– Трусливый и бесчестный, приказавший четвертовать мирного посланника! Вспоминаешь ли ты Хабиба ибн-Зейда, которого даже презренный Мусейлима отпустил с миром, не решившись преступить справедливость и обычаи? Посланником Пророка был Хабиб ибн-Зейд, а ты велел схватить его, мирно возвращавшегося, и отрезать ему обе руки и обе ноги, – ты, Раххаль, да превзойдут зубы твои в огне гору Сход!
– Пустое говоришь, – снисходительно сказал Агасфер Лукич, – и в пустом меня обвиняешь, ибо отлично знаешь сам: презренный Хабиб умерщвлял младенцев, отравлял колодцы и осквернял поля. Всё получившее благословение Масламы он отравлял, чтобы погибло. Я всего лишь приказал отрубить ноги, носившие негодяя, и руки, рассыпавшие яд.
– Свидетельствую, что ты лжёшь! – отчаянно выкрикнул Муджжа и вытер трясущейся ладонью пену, проступившую в уголках рта. – Лучше меня знаешь ты, что именно благословения фальшивого Мусейлимы были злом для детей, для земли и для воды йемамской! Ты, Раххаль, раб лжепророка, предавший и его, вспомни сражение у Акрабы! Может быть, стыд наконец сожжёт тебя? Ты, бросивший своё войско перед самым началом битвы, покинувший лучших из лучших Бену-Ханифа умирать под саблями жестокого Халида! Ты бросил их, и все они легли там, у Акрабы, все по единого, кроме тебя!
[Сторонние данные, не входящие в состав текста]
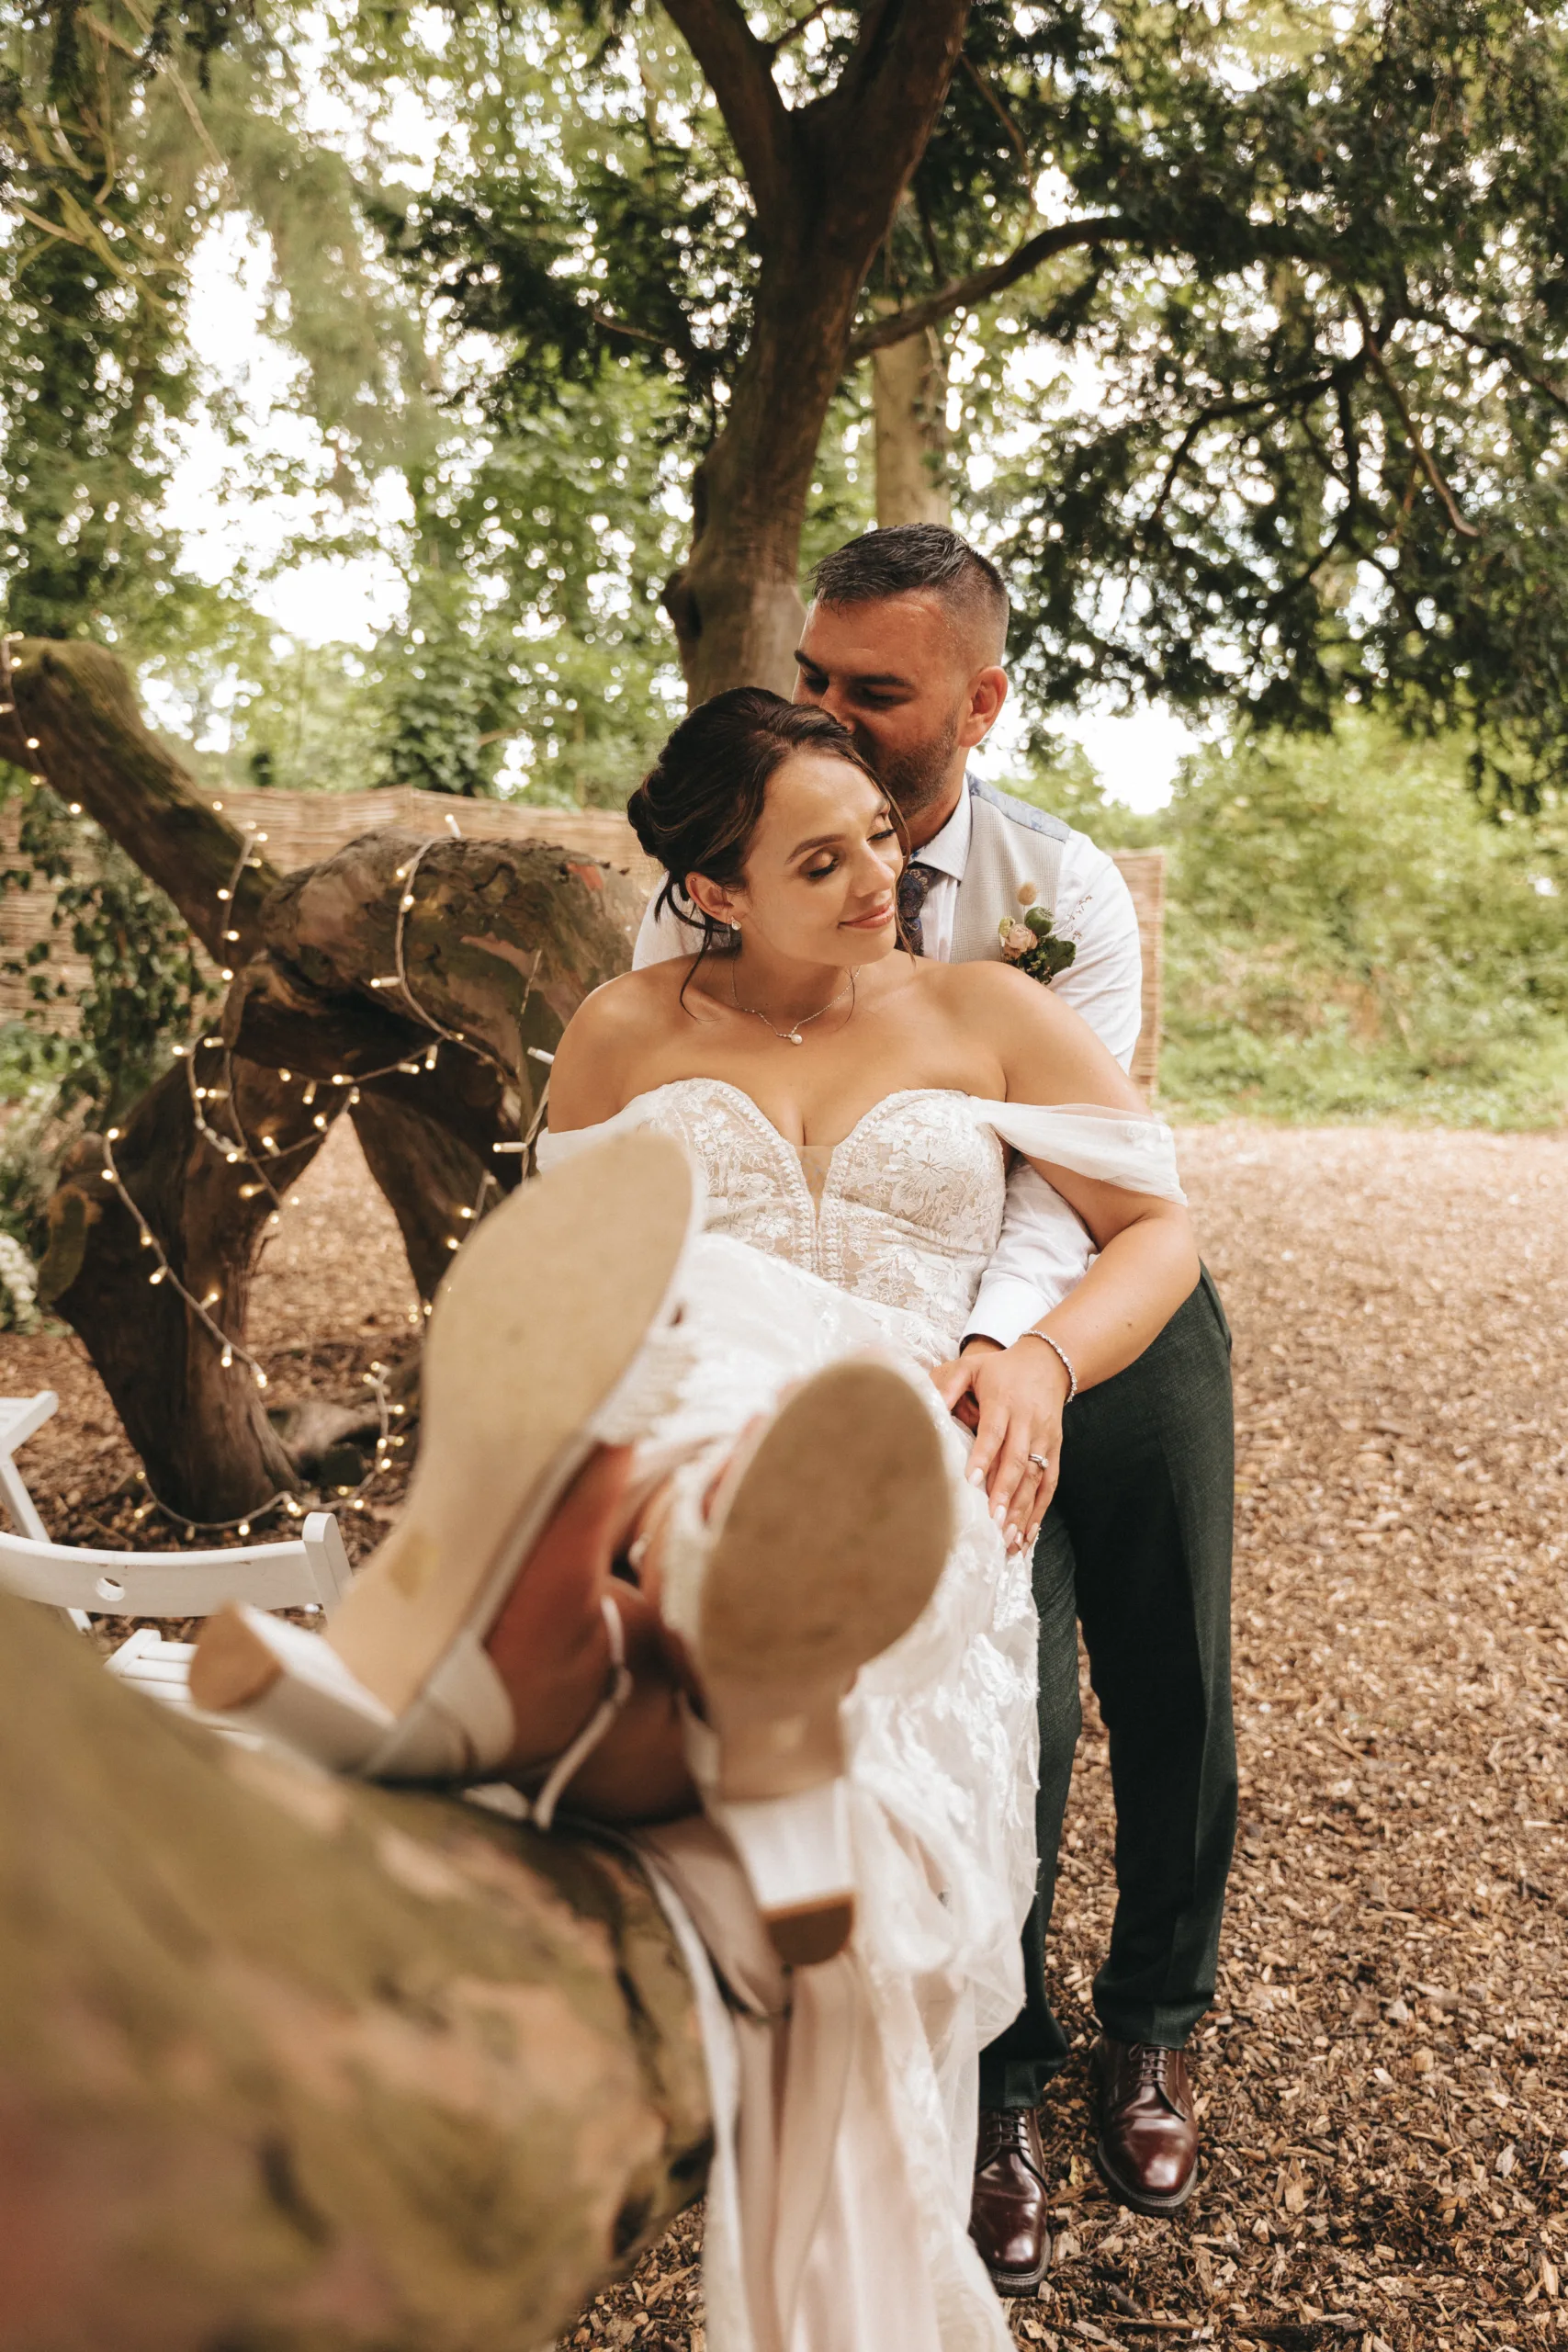 A bride and groom sitting on a log in the woods on their wedding day.

– А ты с фальшивыми оковами на умытых руках беспечно смотрел из шатра Халида, как они умирают, твои братья по племени…
– Лжёшь ты и лжёшь! Железо оков проело мясо моё до костей моих, слёзы прожгли кровавые вади на щеках моих, но когда пришло время, я спас от жестокого Халида женщин и детей Бену-Ханифа, я обманул Халида!.. Ты, бросающий лживые обвинения, вспомни лучше, почему ты ускакал от Акрабы, будто гонимый чёрным самумом! Это похоть гнала тебя! Клянусь чёрным волком, похоть, похоть и похоть! Ради бабы ты бросил всё – своего лжепророка, которому клялся всеми клятвами дружбы и верности; и сына его, Шурхабиля, которого Мусейлима доверил твоей верности и мудрости; и друзей своих, и своих воинов, которые, даже умирая, кричали «Раххаль! Раххаль с нами!» Ты бросил их всех ради грязной христианской распутницы, которую ты сам же сперва подложил под бессильного козла Мусейлиму, надеясь заполнить таким образом его душу…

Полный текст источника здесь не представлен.